He is appointed as the successor to an unfaithful king by a prophet of the lord. He flees to Egypt. He returns to Israel after Solomon is dead.
All of this most reminds us of the story of David, but also has echoes of the story of Moses and of Joseph. If Jeroboam repeats themes of the story of Moses in the Exodus, calling for his people to be let go, in Power in the North, Jeroboam proceeds to repeat the great sin of the Exodus. In order to establish a distinct cult in the North, he wants to prevent his people from defecting to Rehoboam.
And so he establishes two golden calves, declaring that they were the gods who brought Israel out of Egypt. This is repeating the sin of Aaron and the people in chapter 32 of Exodus. He copies and he doubles the sin of Aaron and the people.
And like Aaron, he builds an altar next to the calf at Bethel and declares a feast. He also installs a non-Levitical priesthood. Reminders of Aaron and his sin can also be seen in the fact that Jeroboam has two sons, sons named Nadab and Abijah.
We see this in chapter 14 verses 1 and 20. The two sons of Aaron killed by the lord for their profane fire in Leviticus chapter 10 were called Nadab and Abihu. Once again, the distorted Exodus themes serve to reveal just how bad Israel's situation has become.

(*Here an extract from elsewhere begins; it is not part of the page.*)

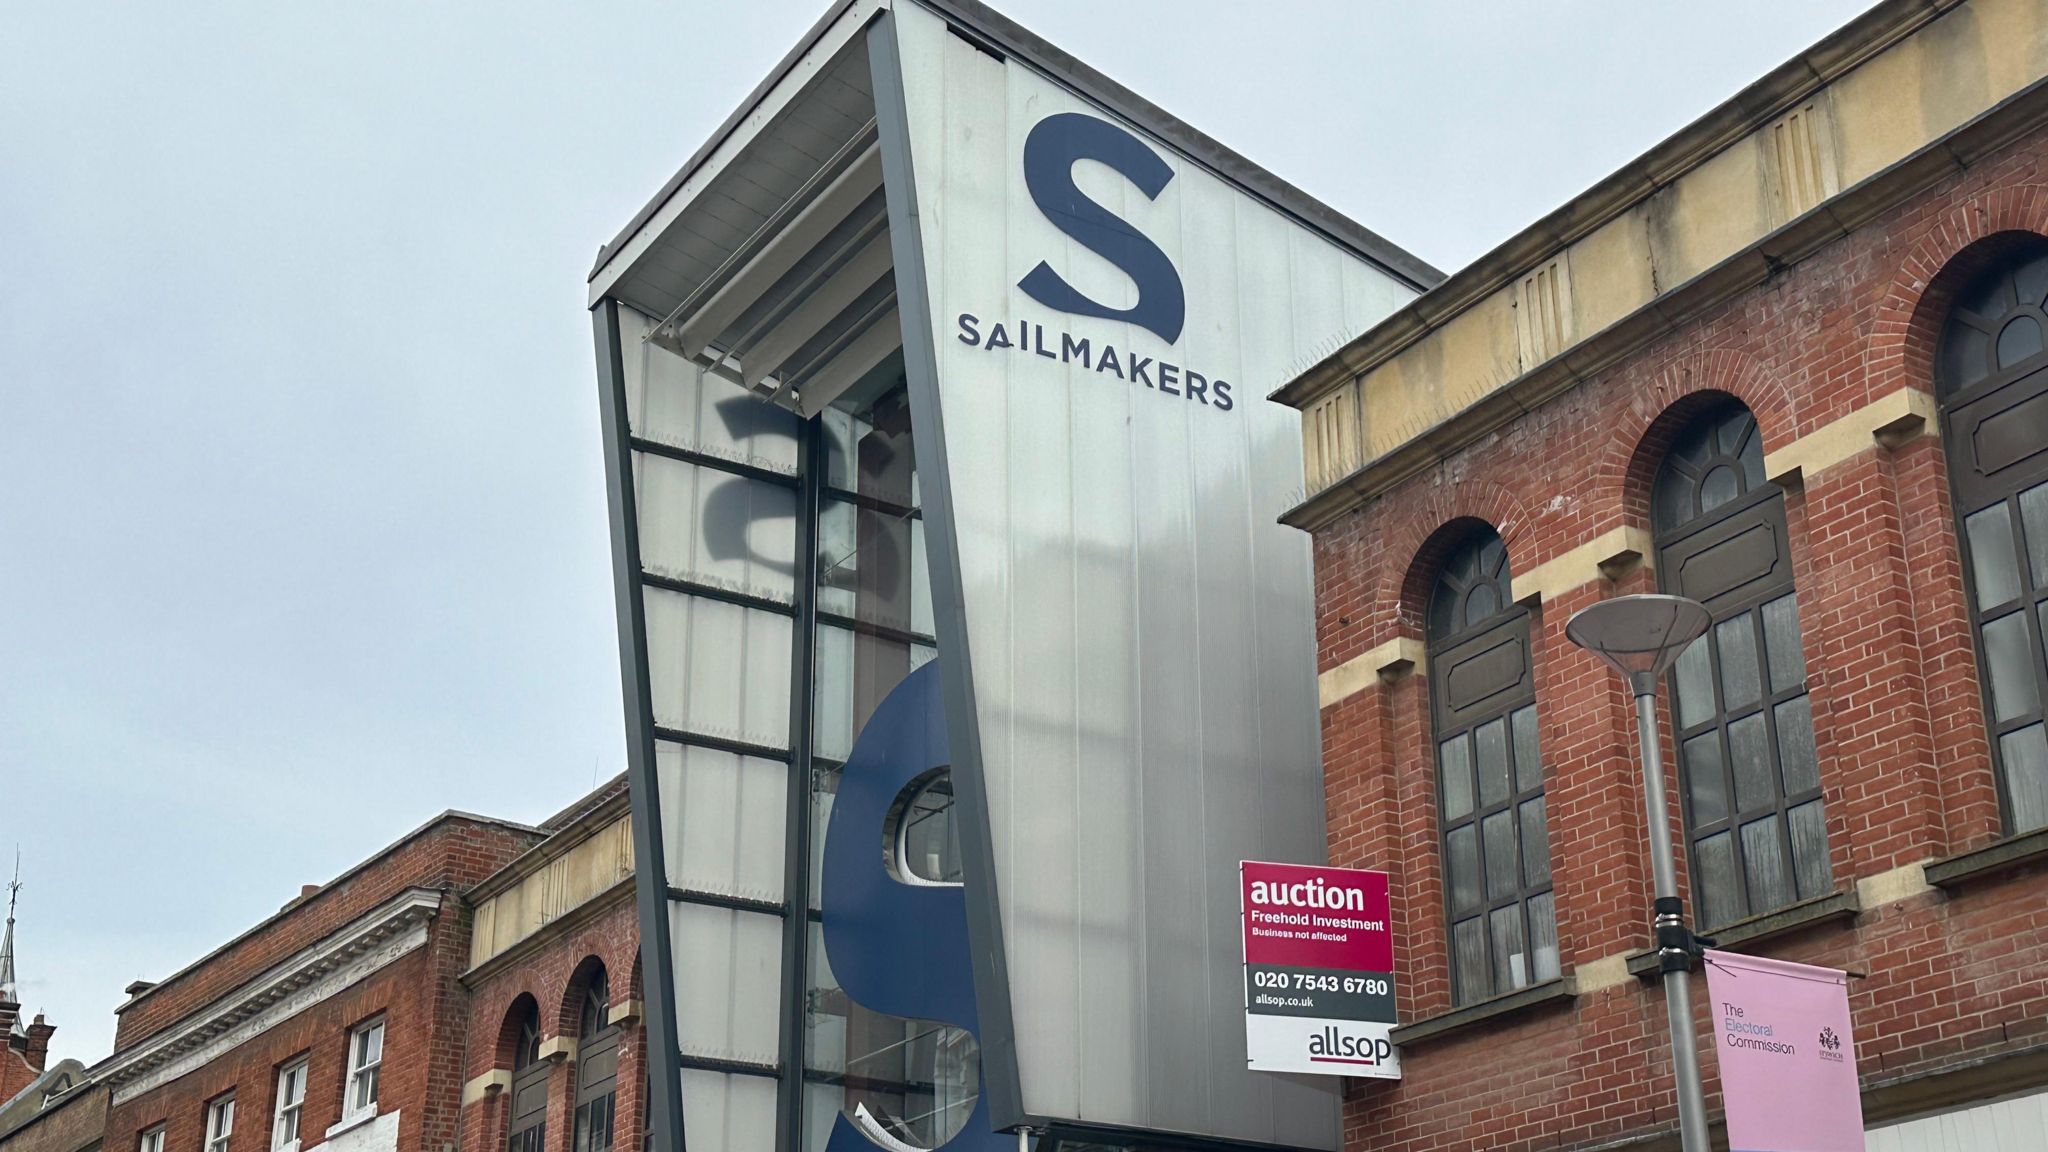 Sailmakers Shopping Centre in Ipswich

A question to consider, how might Jeroboam, Rehoboam, Israel and Judah have responded more faithfully to the breach that the lord established in the kingdom? Hebrews chapter 11 Now faith is the assurance of things hopeful, the conviction of things not seen. For by it the people of old receive their commendation. By faith we understand that the universe was created by the word of God, so that what is seen was not made out of things that are visible.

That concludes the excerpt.